I decided to start blogging letters to you because blogging is the new thing these days. And, I don't mind that people might read my letters to you. I'd love to share you with the world. You often here people say "there isn't a day that goes by that I don't think about you" after someone passes. As cliche as it sounds, it is so true with you.
The other day, one of my students saw the picture of you on my whiteboard and said, "Miss Nelson, I love your dad." I thought he might have been talking about Rick because there is a family picture of us together so I thought that was who he was referring to you. I said, "Yea, he's pretty nice." And my student says, "No" and points to your small picture. I wasn't sure how he knew that was you, but then I remembered something that happened in the spring.
Back in April one of his older brothers tragically died of hypothermia. When I went to visit the body and pay my respects at their house I asked the little boy in Cup'ik how he was doing. He said he was good, but then I asked him if he was sure. He said, "[name] went to be with Jesus." My heart just melted. I told him, "You know, my dad died a few years ago. Maybe they are having a party together in Heaven." He looked up with that precious little face and smiled at me. He really liked that thought. And so, when he saw your photo on the board, I think he wonders if you and his brother are hanging out. My heart swells just thinking again about that moment.
Today, I noticed that your picture frame in my bedroom broke. The pictures are all in tact, but I will need to get a new frame. Or maybe it is time to put your pics in an album. Maybe that's it. Sigh. I brought some old pics with me to Chevak this year and have them in an album on my coffee table. I was looking through them this evening and came across the last photo that I took of you before you passed away- just a few weeks prior. You look so at peace, but also so at peace with passing. That probably sounds weird to others, but in some ways I think you knew how sick you were getting. I am so glad you came to church to watch me in the Christmas pageant that night. It meant a lot to me, even though I knew it was a little much for you to be out and around so many people. Thanks, Dad. I will treasure that picture forever.

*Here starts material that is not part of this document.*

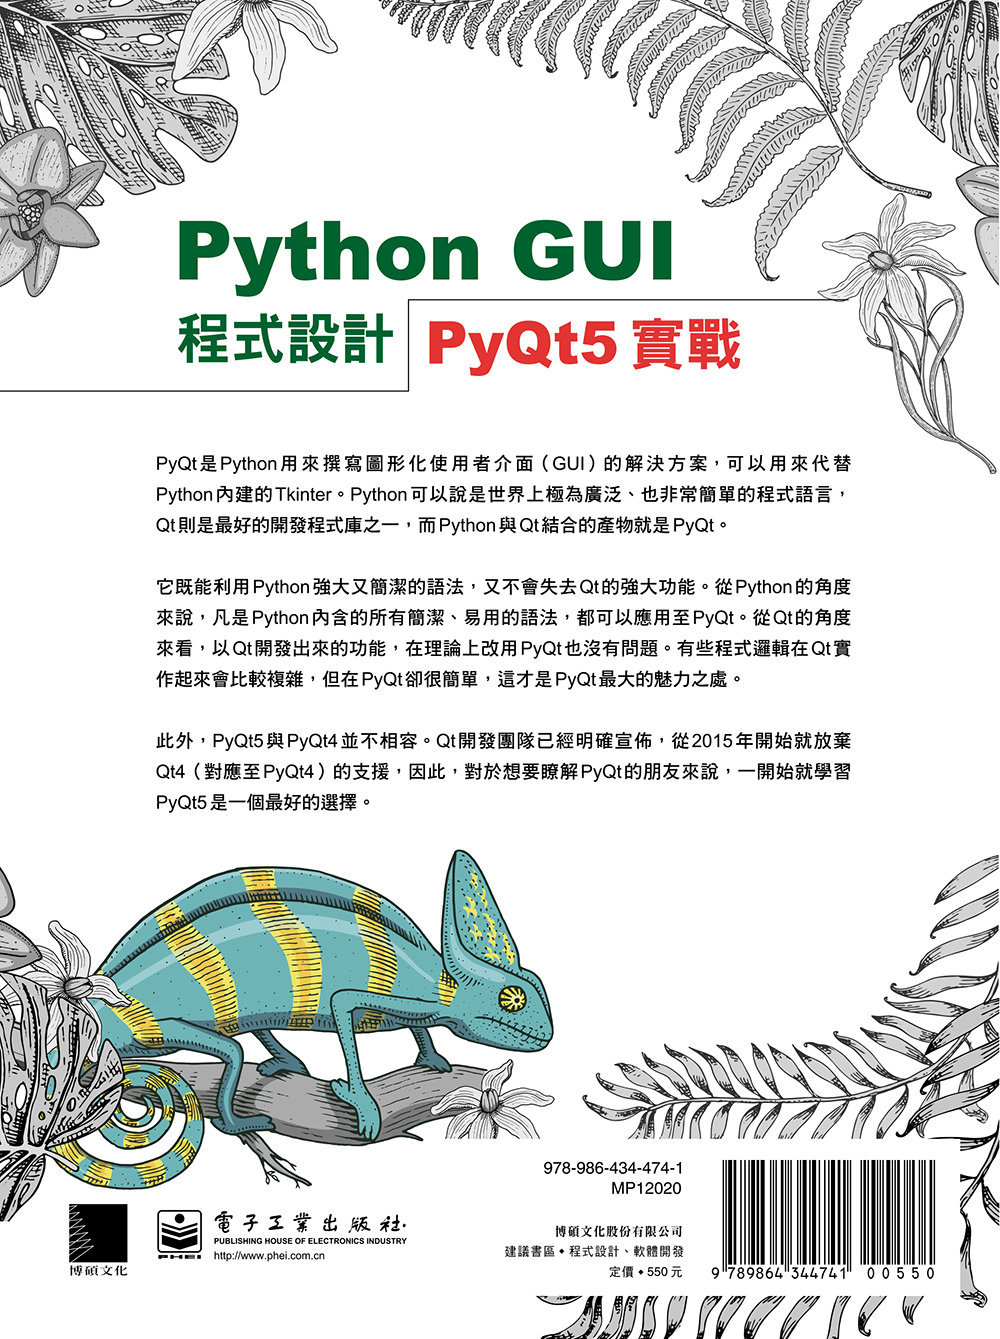 Python GUI 程式設計:PyQt5 實戰 (暢銷回饋版)-preview-16

My heart feels sad to write, but it also feels good. I've been meaning to write to you. I miss you. I wonder how much you know about me now. I can't remember if you knew that I was going to be a teacher, but then I think that you probably ALWAYS knew that I was going to be a teacher- even when I wasn't sure. I also know you would love living out here in Chevak. The serenity can be so surreal. Maybe you are here in spirit though...
Henry looks a lot like you. Or maybe I just like the thought of that. In any case, he sure is a special little boy. I am sad that you didn't get to meet him, but I know that Tina will raise him with a special love and kindness that you and the rest of our family taught us. And every time I hug him I will make sure I think of you.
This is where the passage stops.